Schools Loom Large in Germantown’s Mayoral Race

Those who imagined that the long-broiling municipal-school controversy had simmered down or even been put to rest as of the current academic year need only look at the ongoing Germantown mayoral race to be disabused of that notion.

Both of the candidates to succeed the retiring Sharon Goldsworthy as mayor — current alderman and Vice Mayor Mike Palazzolo and longtime former city administrator George Brogdon — are on record as favoring the city’s new municipal school system gaining control of two Germantown “flagship” schools — Germantown Elementary and Germantown Middle schools — that are now under the jurisdiction of Shelby County Schools.

And Brogdon, whose insistence on the point seems to be driving the debate, would add Germantown High School to the reclaim list. As Brogdon put it last week at the Southwind Players Club facility during a joint appearance with Palazzolo at a meeting of the Germantown Rotary Club, “If I am elected, from the first day, I will be trying to reclaim the ‘three Gs.’ I am not going to accept no for an answer.”

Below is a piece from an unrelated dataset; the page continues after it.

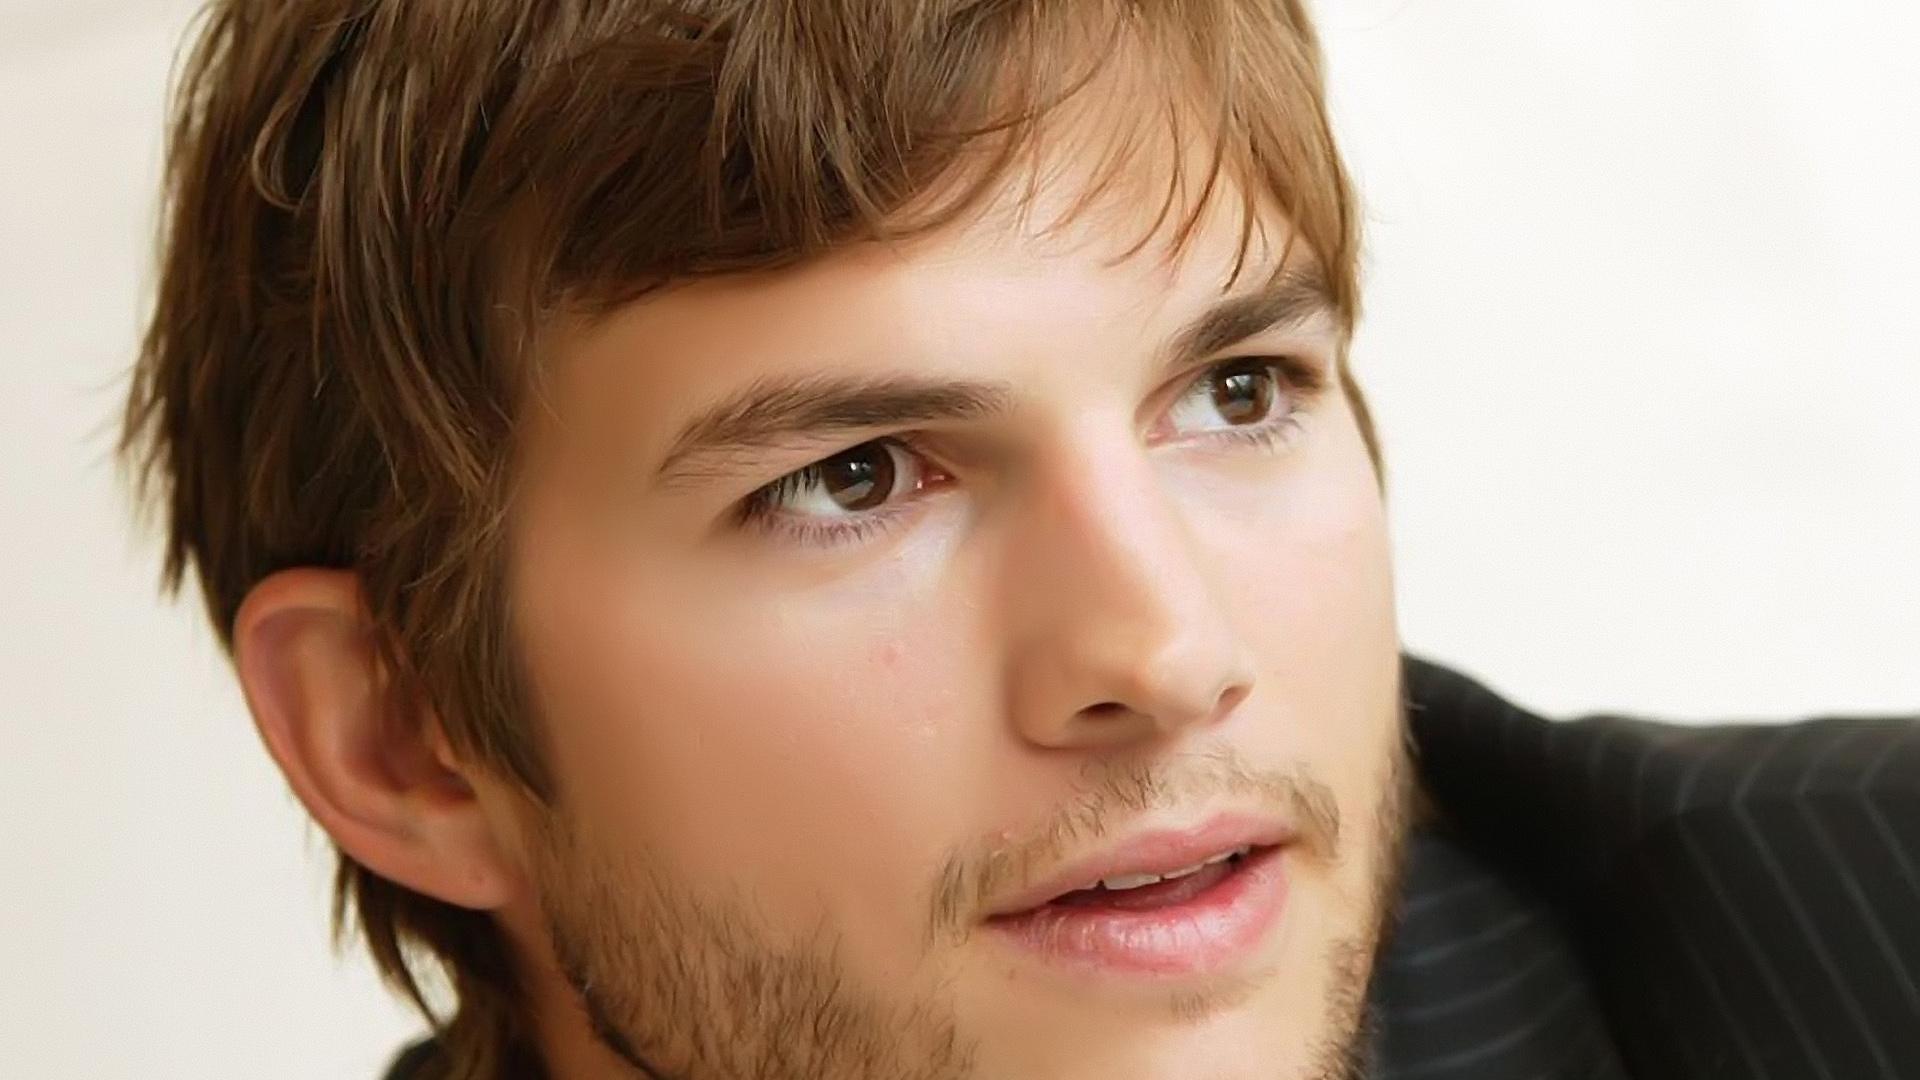 http://3.bp.blogspot.com/-zYSKfNKR33Y/UD7ywcOMJaI/AAAAAAAAIDM/3A74nXmKv0c/s0/ashton-kutcher-handsome-1920x1080-wallpaper.jpg
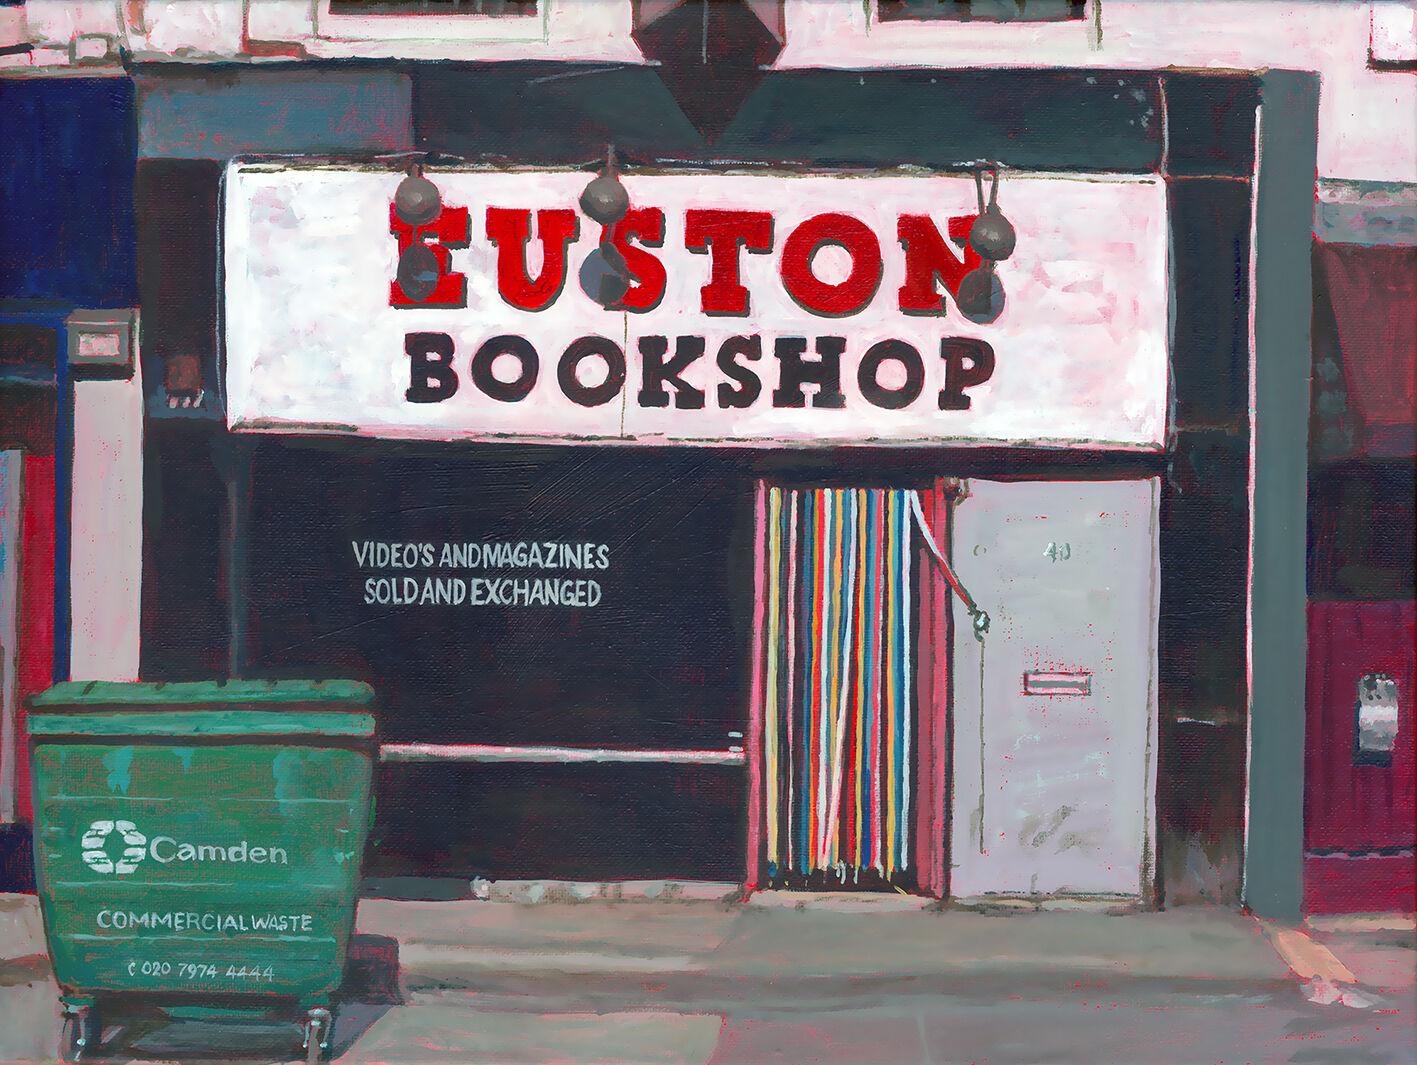 Euston-Bookshop-web

Brogdon, whose most recent position before his retirement earlier this year was that of community services director, said that, when people in Germantown cast two consecutive votes in favor of a municipal school system, “we thought we were going to get all of our schools.” 

But the three schools bearing the city’s name, all located in the western, older portion of Germantown, were absorbed by Shelby County Schools (SCS) in last year’s final settlement between a revamped SCS system (now essentially administering the areas of Memphis and unincorporated Shelby County) and the six new suburban municipal school systems.

The premise of SCS control was that a majority of students at Germantown High School and Germantown Middle School were from unincorporated areas of the county. Germantown Elementary contained a majority of Germantown students but is part of the same complex as the other two, geographically.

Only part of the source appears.